Darüber hinaus lässt sich dieser relative Rückgang der Gewalt durch ein zweites Phänomen erklären: die Mobilisierung der Bewohner in ihren Stadtteilen. Einige beschützen Schulen und öffentliche Gebäude, während andere versuchen, vor Wut geblendete Teenager zur Vernunft zu bringen. In Aulnay-sous-Bois beispielsweise gingen Mütter von Familien durch die Viertel, um junge Menschen zu sensibilisieren und ein Ende der Gewalt zu fordern.
Nach den ersten Nächten der Unruhen haben viele Städte eine Ausgangssperre verhängt, darunter Colombes, Asnières-sur-Seine, Clamart, Meudon, Villeneuve-la-Garenne oder sogar Rosny-sous-Bois in der Region Paris.

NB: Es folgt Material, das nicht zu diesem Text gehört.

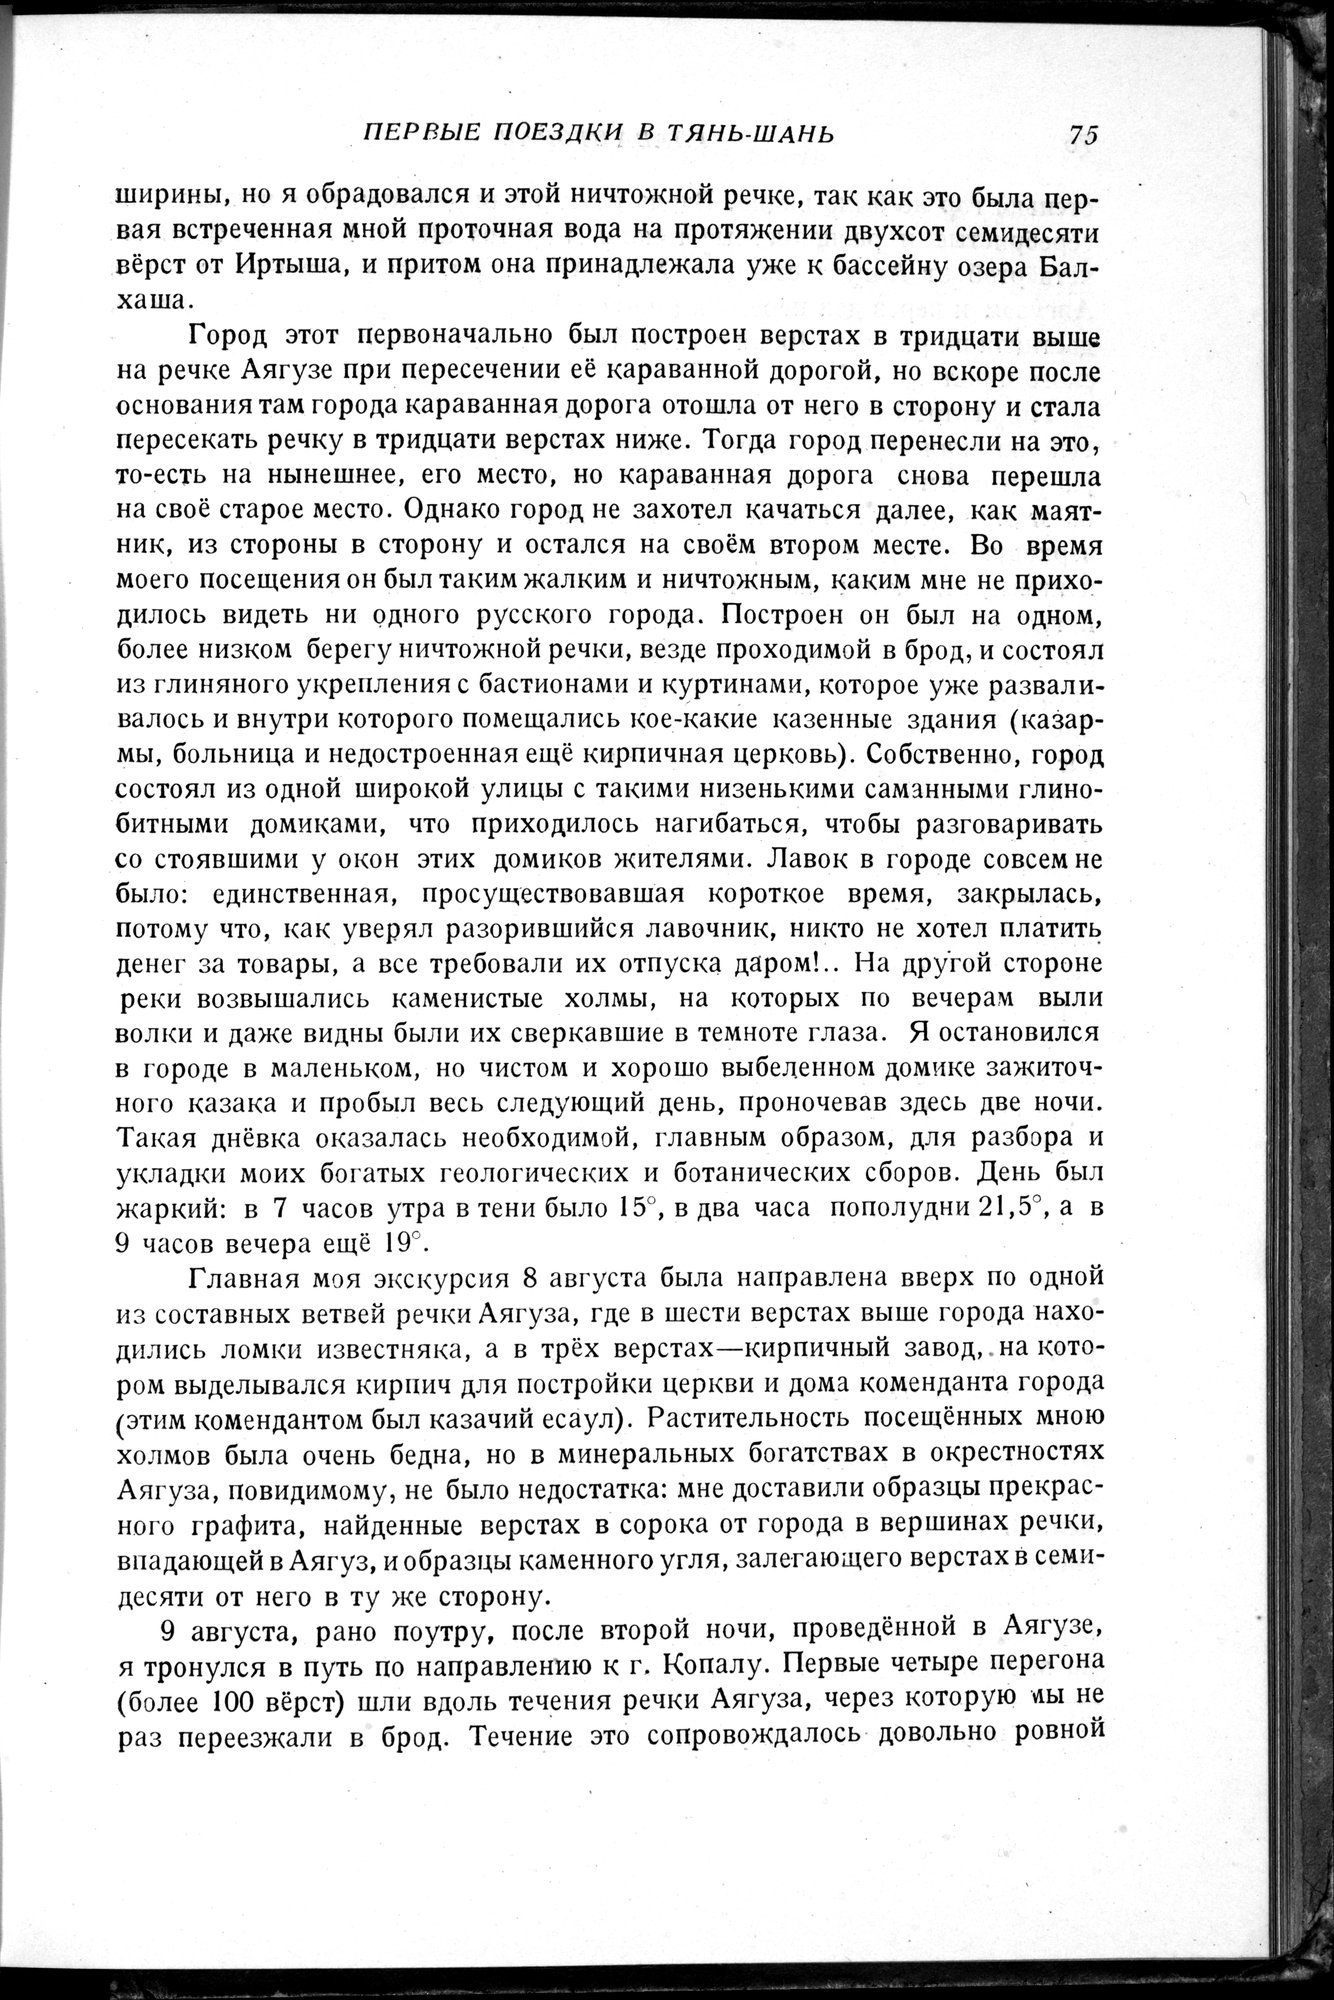 Puteshestvie v Tian' - Shan' v 1856-1857 godakh : vol.1 / 83 ページ（白黒高解像度画像）
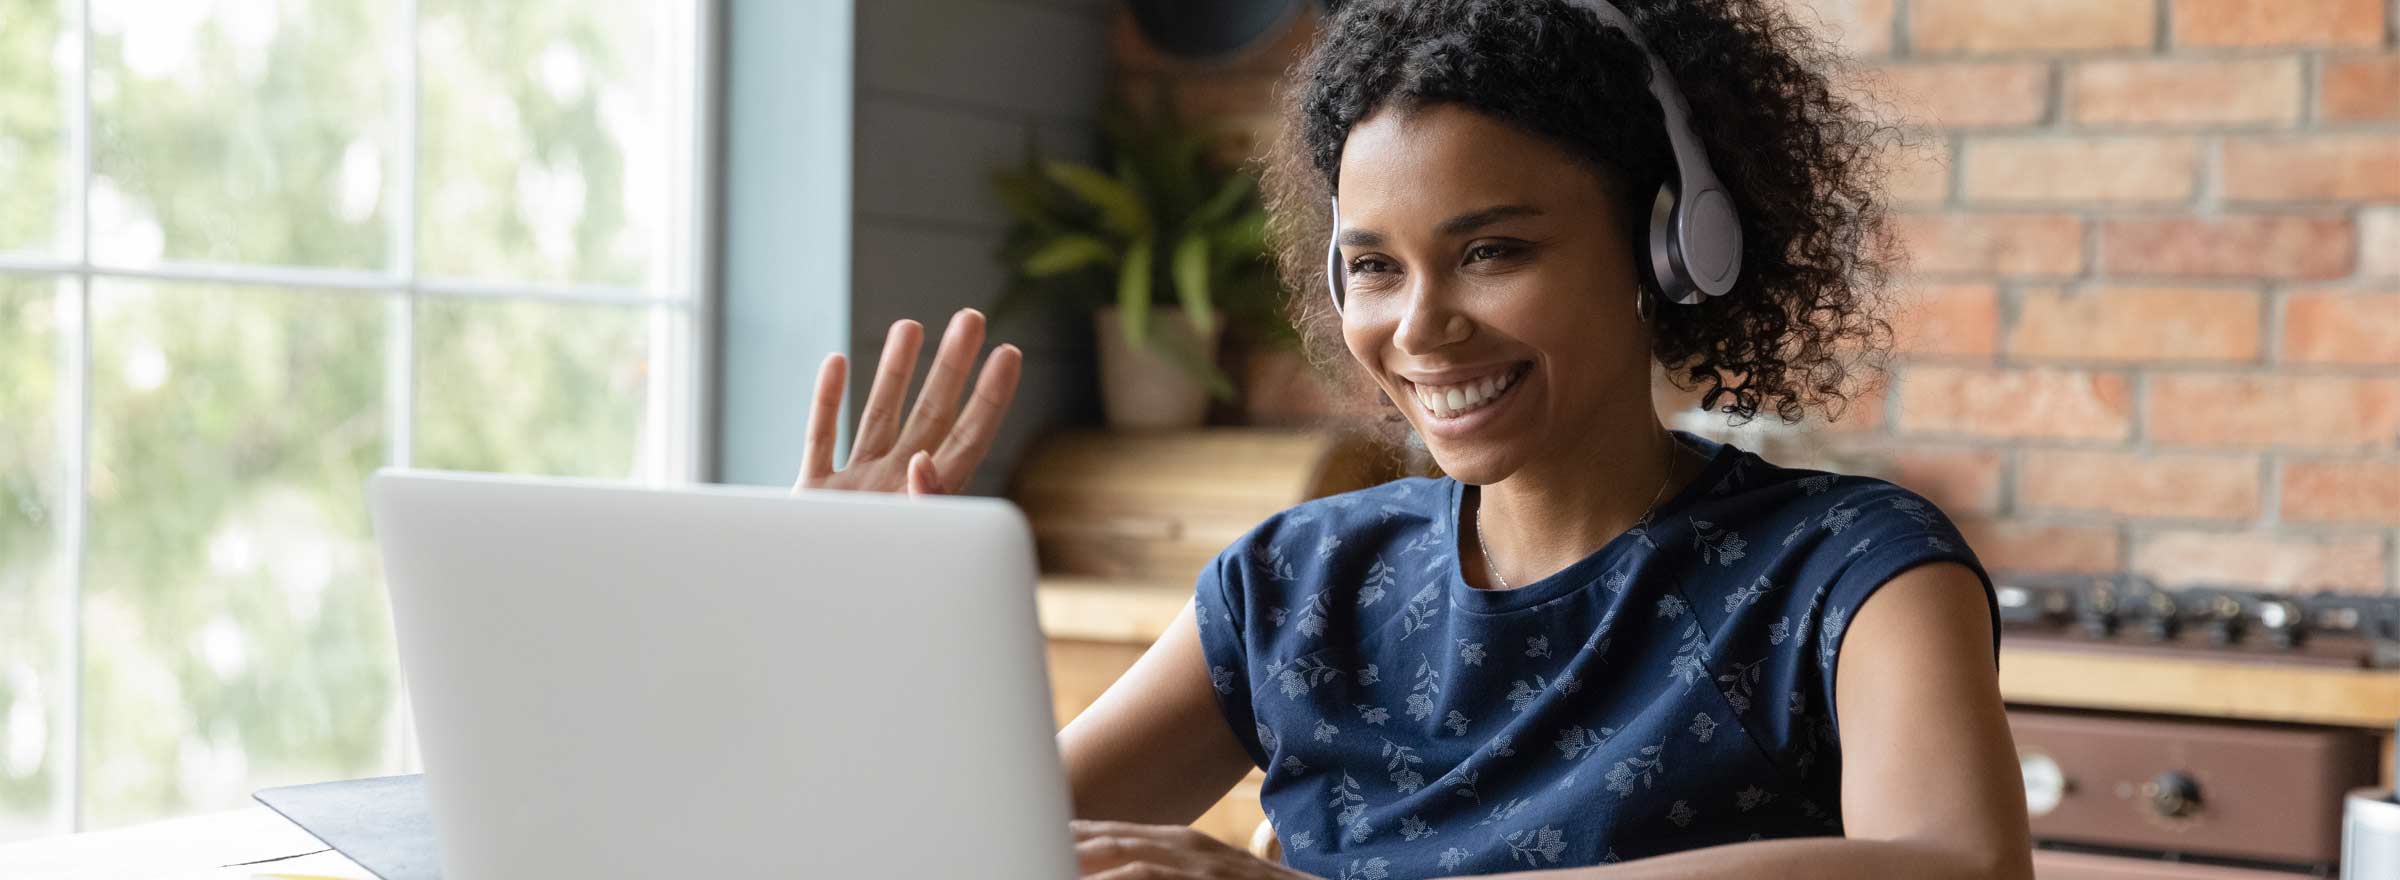 woman smiling and waving at computer screen

Die meisten Ausgangssperren werden voraussichtlich nicht über Dienstag, den 4. Juli hinaus, verlängert.
Nach sechs Nächten mit schweren Krawallen erklärte das Innenministerium, dass mehr als 5000 Autos verbrannt wurden, 10 000 Mülltonnen in Flammen standen, fast 1000 Gebäude in Brand gesteckt oder beschädigt wurden und mehr als 250 Polizeistationen oder Gendarmerien angegriffen wurden. Insgesamt haben die Ordnungskräfte seit Dienstag, dem 27. Juni, 3200 Personen festgenommen.
Die ersten Verurteilungen wegen Beteiligung an den Ausschreitungen gab es bereits vergangenes Wochenende, am 1. und 2. Juli. Nach Angaben von France Info kamen viele Angeklagte in Untersuchungshaft, andere wurden zu gemeinnütziger Arbeit verurteilt.